Task instructions: Reproduce every line of the material below exactly. No pictures belong in the copy.
----- The data
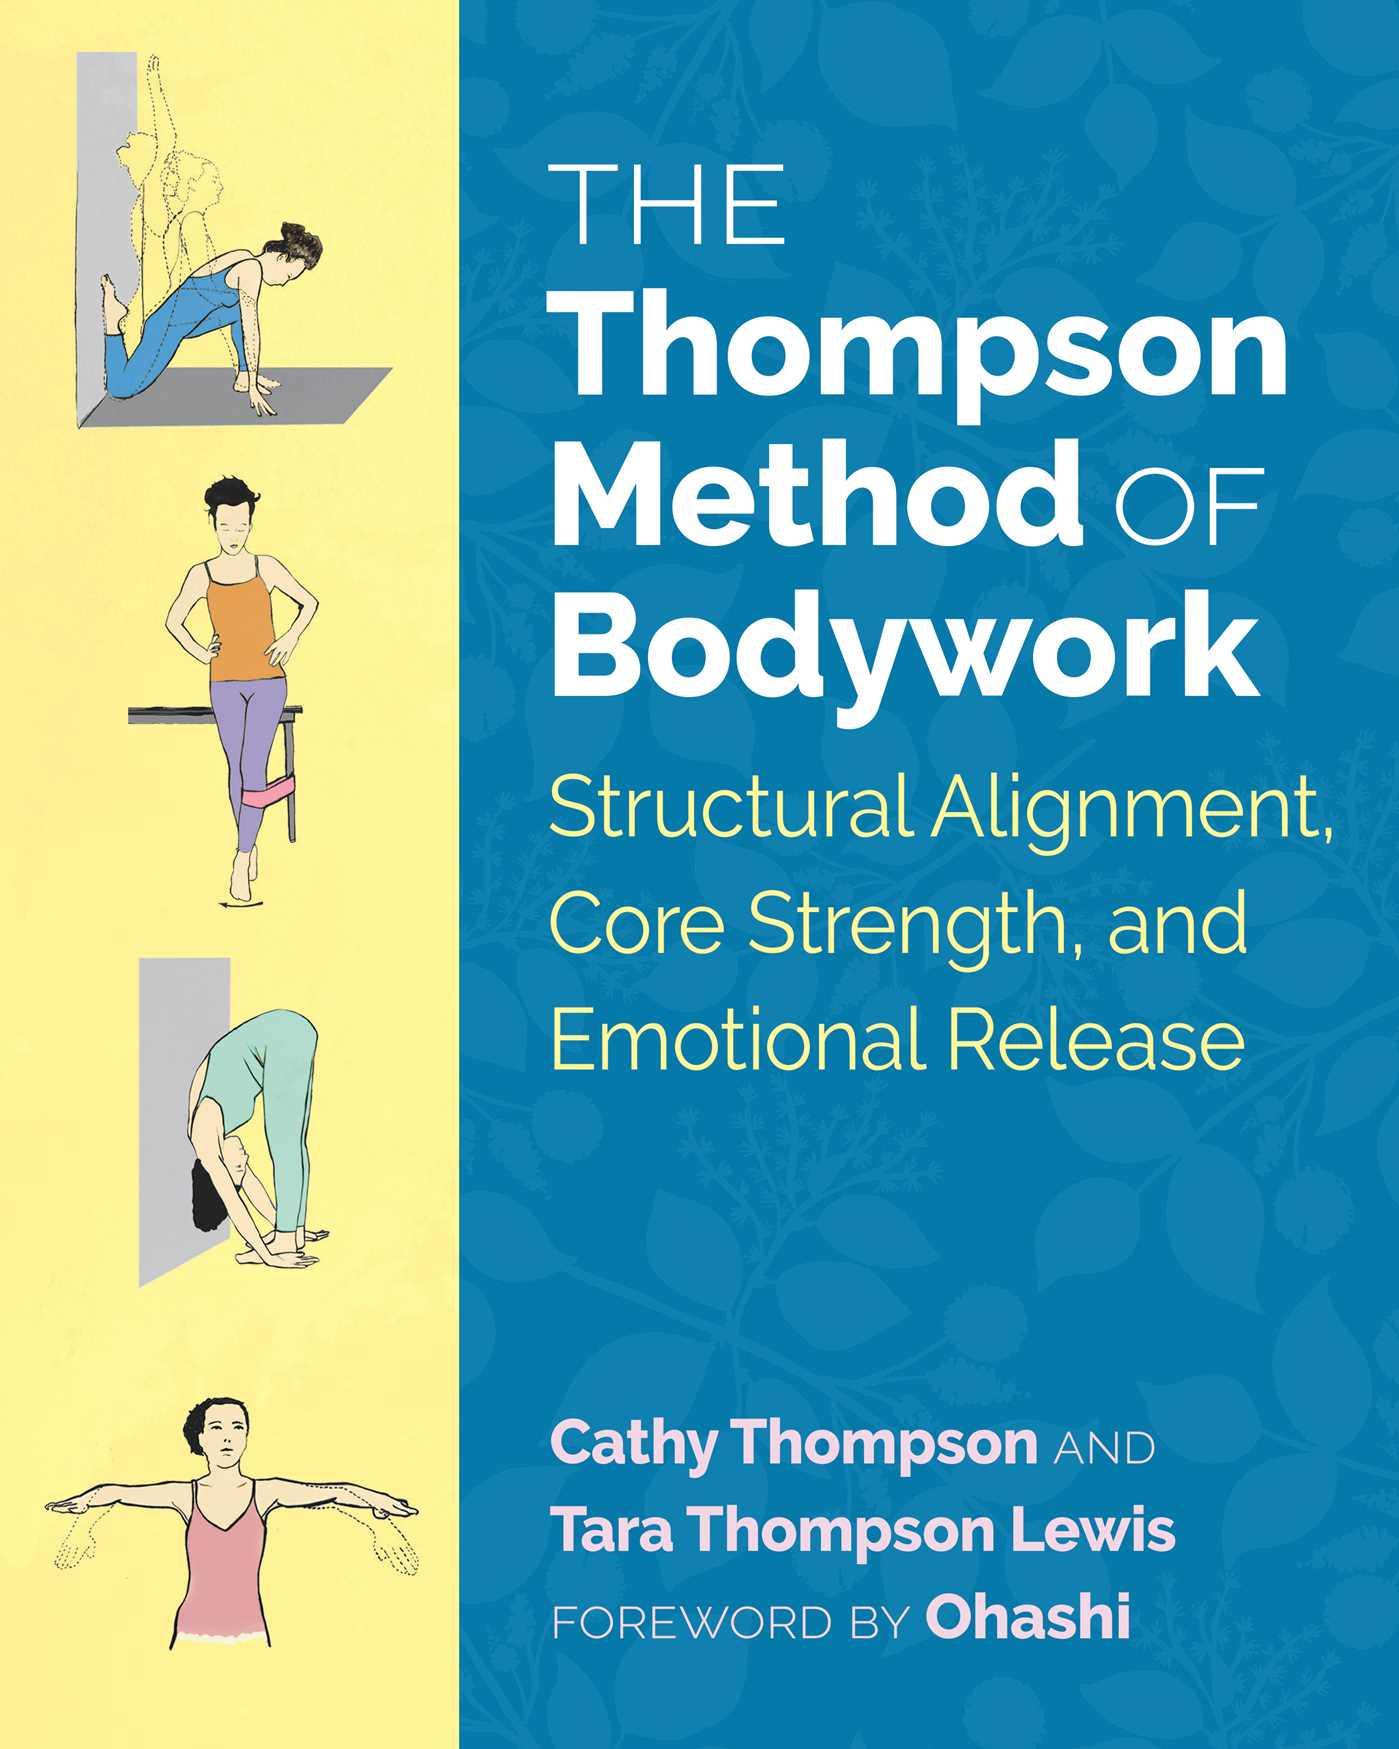 The thompson method of bodywork 9781620556641 hr
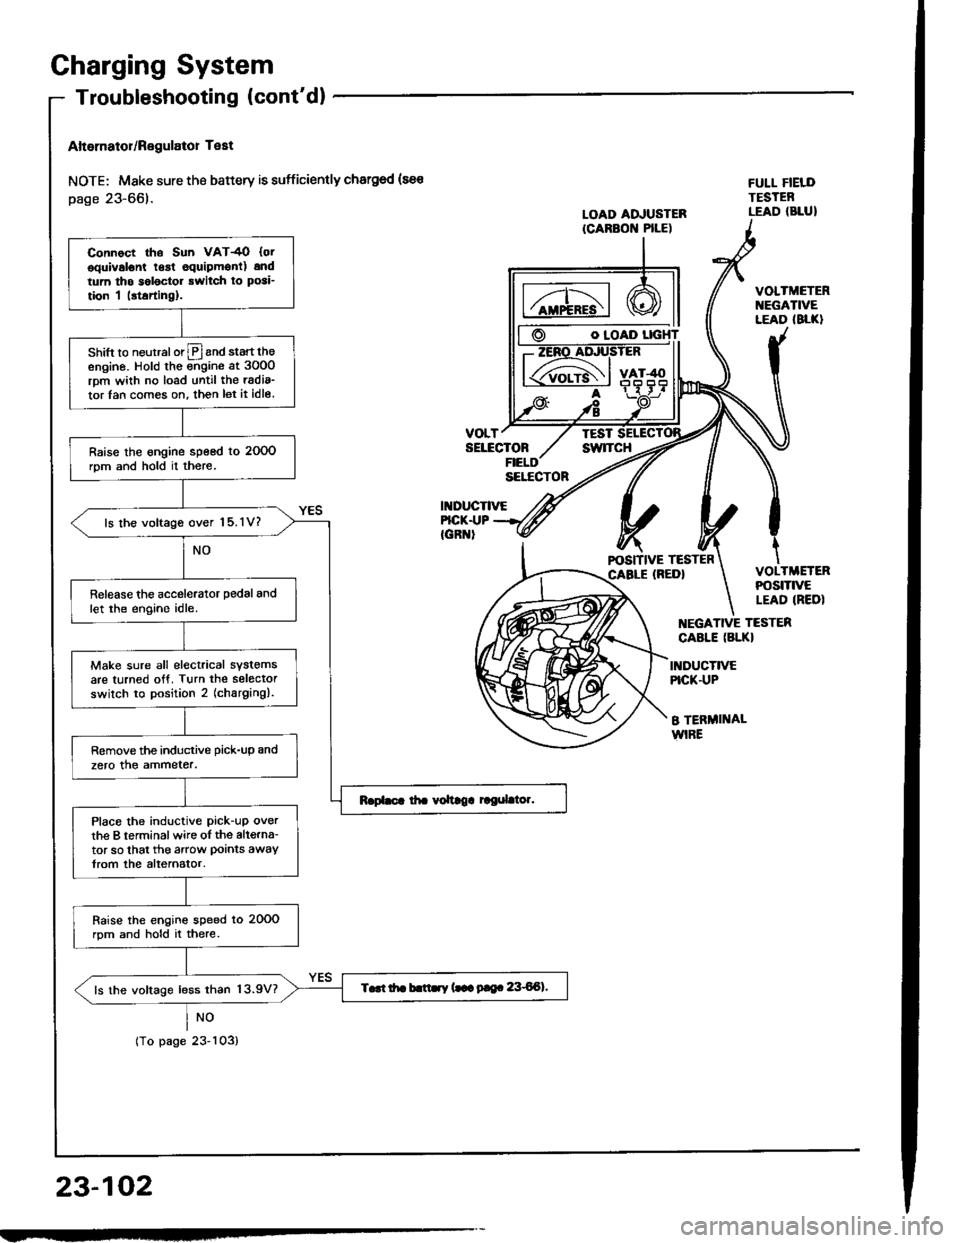 HONDA INTEGRA 1994 4.G Workshop Manual
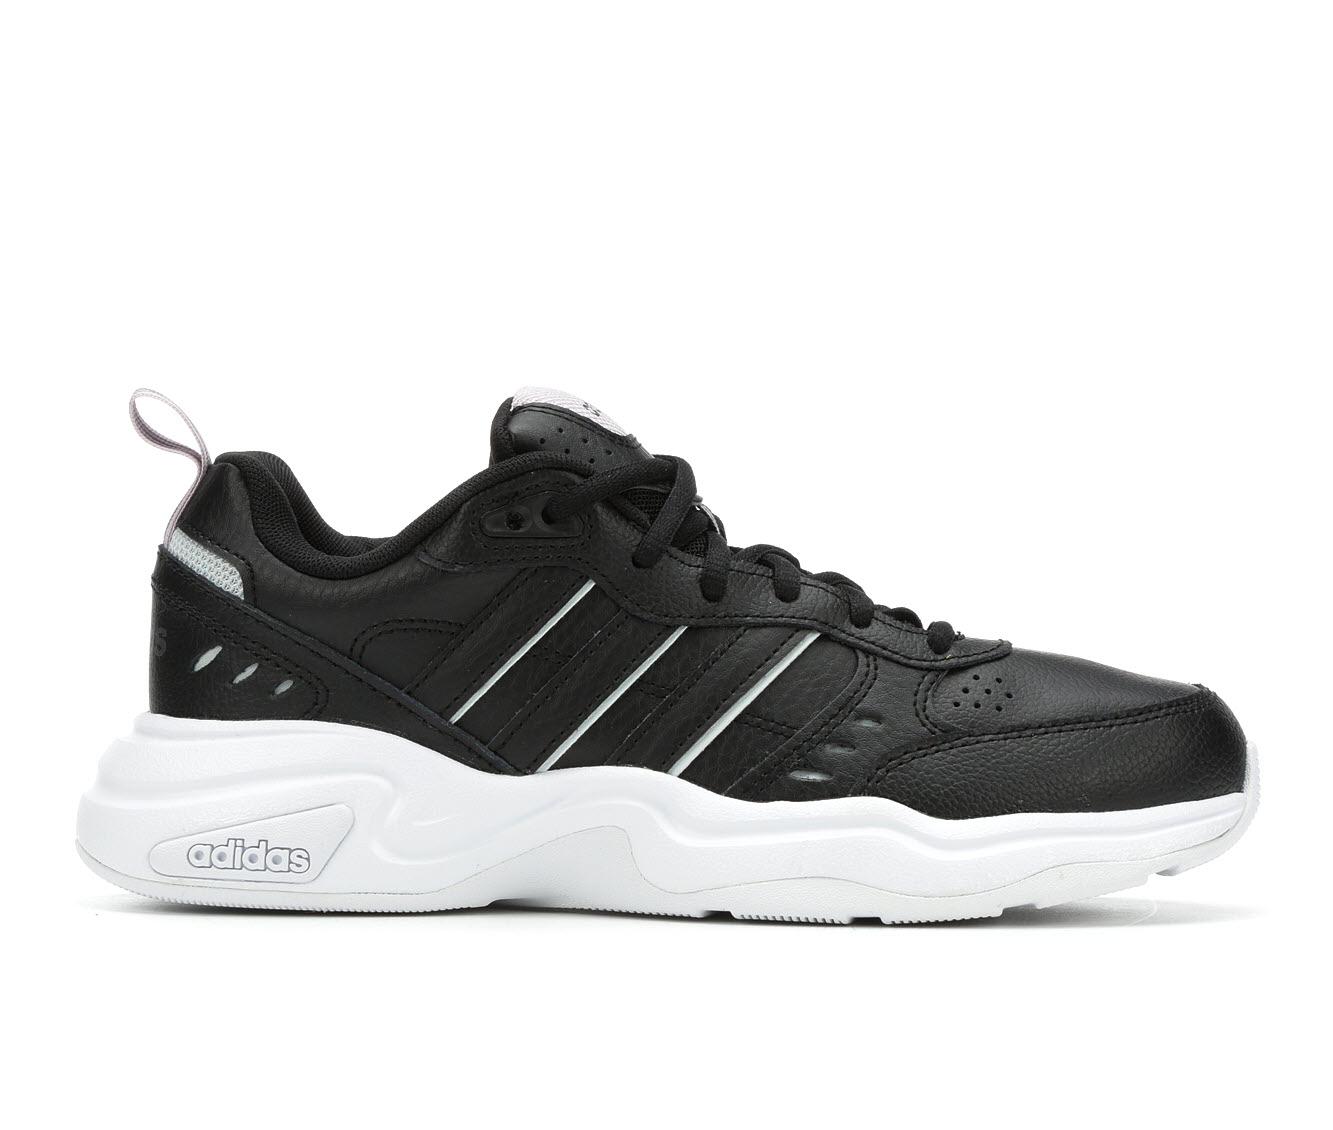 Adidas Strutter Women's Athletic Shoe (Black)
----------
Exercise response:
 The thompson method of bodywork 9781620556641 hr
 HONDA INTEGRA 1994 4.G Workshop Manual
 Adidas Strutter Women's Athletic Shoe (Black)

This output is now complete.